Porosity structures and local compositional variations associated with natural CO2 sequestration in basalts offshore Norway

Permanent storage of CO₂ as carbonates in basalt deposits utilises natural weathering reactions between silicate minerals and carbonic water. By studying how CO₂-enriched water has altered basalt in 43 samples from the Vøring Margin, offshore Norway, we demonstrate the pathways and reactions of CO₂ within a basalt reservoir.

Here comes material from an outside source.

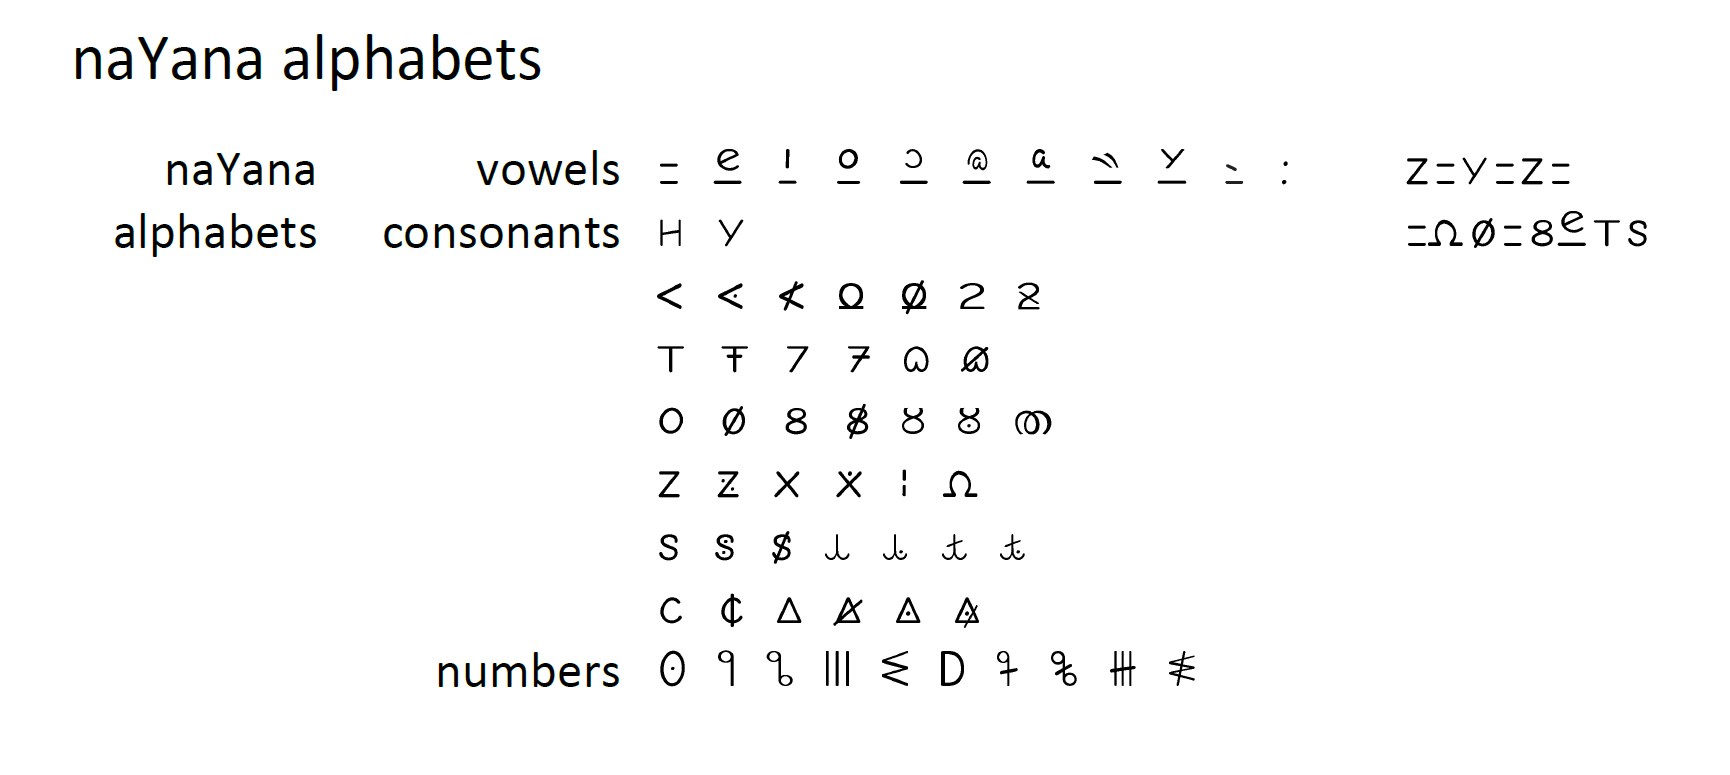 naYana alphabets

The pore spaces occupied by carbonates in the samples were studied through μ-CT (computer tomography) studies on three minicores and detailed microanalyses on 32 thin sections via scanning electron microscopy (SEM), electron microprobe analysis, and electron backscatter diffraction (EBSD). Single crystal X-ray diffraction on 15 samples determined the type of carbonate minerals and precipitation ages were determined for two samples through U/Pb-radiomeric dating. δ¹⁸O and δ¹³C-isotope analyses were used to determine the fluid origin in 11 samples.

Three types of carbonate precipitation were characterised based on the pore structures they fill and the associated mineralogy. Type I carbonates, seen in 18 thin sections, fills vesicles, mainly along lava flow margins. SEM analyses showed that all vesicles are initially coated with a smectite layer which incorporates most of the Mg²⁺ and Fe²⁺ from dissolving silicate minerals. As pH and Ca concentrations increase, calcite precipitates in some vesicles. The secondary mineral assemblage and precipitation order fit with low-temperature alteration of basalt with pore water and atmospherically balanced CO₂ levels (pH≥8). Type II carbonates appear in seven thin sections as <500μm calcite crystals surrounded by clay minerals in the basalt groundmass. The porous carbonate crystals containing clay inclusions suggest formation through coupled dissolution-precipitation reactions. Thus, Type II carbonates result from the replacement of primary minerals like olivine with mostly clays and some calcite under similar conditions as Type I. δ¹⁸O and δ¹³C-isotope analyses indicate a meteoric fluid origin for the Type I carbonates and U/Pb dating of Type I and II calcites indicates precipitation occurred within 10 Ma after lava emplacement (47.3 ± 6.9 Ma and 43.3 ± 5.1 Ma, respectively). Type III carbonates are only observed in two thin sections and show partial replacement of clinopyroxene by calcite, following micro-fractures in the minerals. Near-complete replacement of olivine by calcite and some siderite through coupled dissolution-precipitation reactions is also observed. This indicates reducing conditions at a slightly higher CO₂ concentration (pH: 6-7) closer to what we expect in a CO₂ injection scenario. EBSD analysis of Type III calcite reveals no clear relationship between the crystal orientation of the calcite and the mineral it replaces. This suggests that chemical rather than crystallographic factors lead to the preferential dissolution of clinopyroxene and olivine over plagioclase. Microprobe analysis indicates varying trends in Ca-substitution within all three calcite types by either Mg (approximately 0-4.5%) or Mn (approximately 2-16%), likely linked to local variations in fluid chemistry or temperature within the reservoir.

In conclusion, the results show that CO₂ storage primarily occurs in vesicles along lava flow margins, but CO₂ can also migrate into the micro- and nano-pore networks of the basalts, enhancing storage potential. Coupled dissolution-precipitation reactions between silicate minerals and carbonates may further increase available storage space.